溶けそうなくらい暑い

第1話

 ある暑い夏の日、私は会社の後輩と外回りをしていた。私の体からは常に大量の汗が溢れ出ていた。


「なんて暑さなんだ」


「まったくですね。こんな日に外回りさせられるなんておかしいですよ」


「お前はうちの商品を忘れたのか。扇風機だぞ。こんな日だからこそ、外回りをしているんじゃないか」


 話しているとすぐに喉が渇く。私はバックから水筒を取り出して飲もうとしたが、中は空っぽだった。


「しまった。もうなくなってしまったのか」


「仕方ないですよ。こんなに暑いんですから」


「コンビニで水を買ってくるから、そこの公園のベンチででも待っててくれないか」


「了解です。早く戻ってきてくださいね」


「すまないな」


 そう言って私はコンビニに入っていた。コンビニの中はクーラーが効いていて、非常に涼しかった。私はこれだったら後輩もついて来させればよかったなと思った。

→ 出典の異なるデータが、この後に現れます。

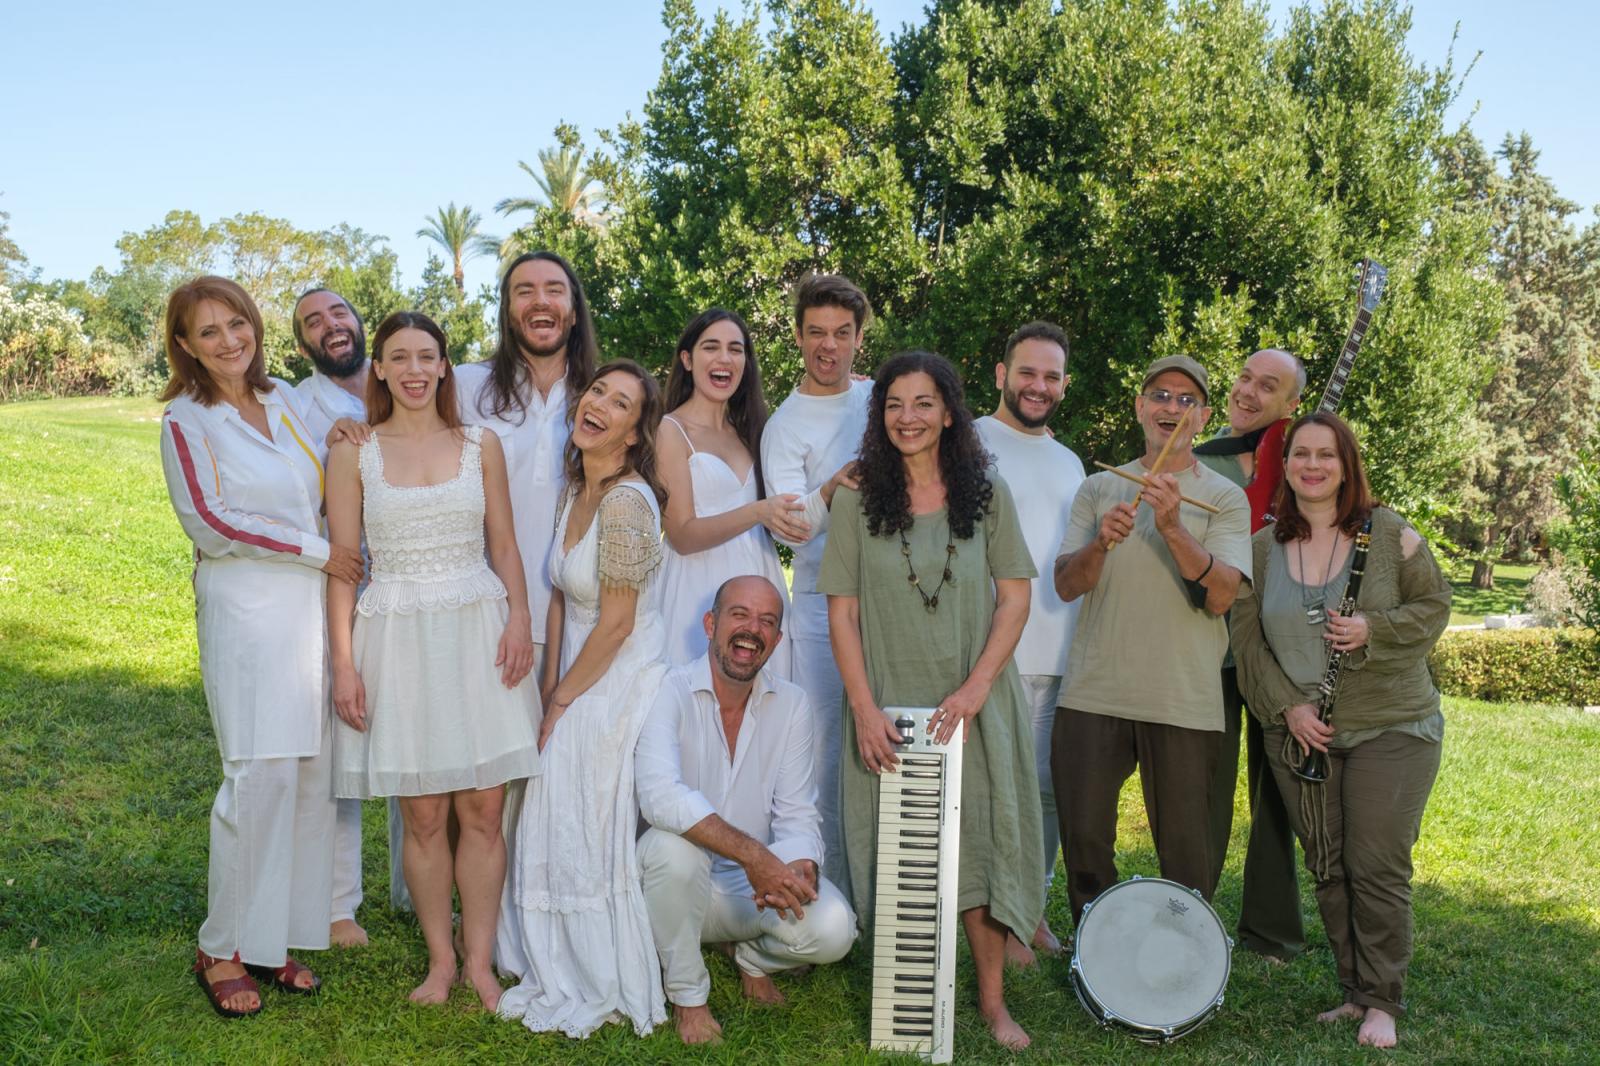 Κερδίστε 2 διπλές προσκλήσεις για την μουσικοθεατρική παράσταση "Ροβινσώνας Κρούσος" στο Μέγαρο Μουσικής Αθηνών

 水を買って、後輩が待っている公園に向かった。しかし、後輩の姿が見当たらないのだ。


「あいつはたった数分も待てないのか」


 そんなことを呟きながらベンチに座ろうとすると、私はあることに気づいた。後輩の着ていたスーツが捨てられているのだ。

 困惑しながら私がスーツを拾うと、スーツはびしょびしょに濡れていた。しかも濡らしているのはただの水ではなかった。それは、茶色くドロドロとした液体だった。

 私は気味が悪くなって思わず手を離した。額から汗がだらだらと垂れてきた。いや、正確には茶色くドロドロとした液体が垂れてきていた。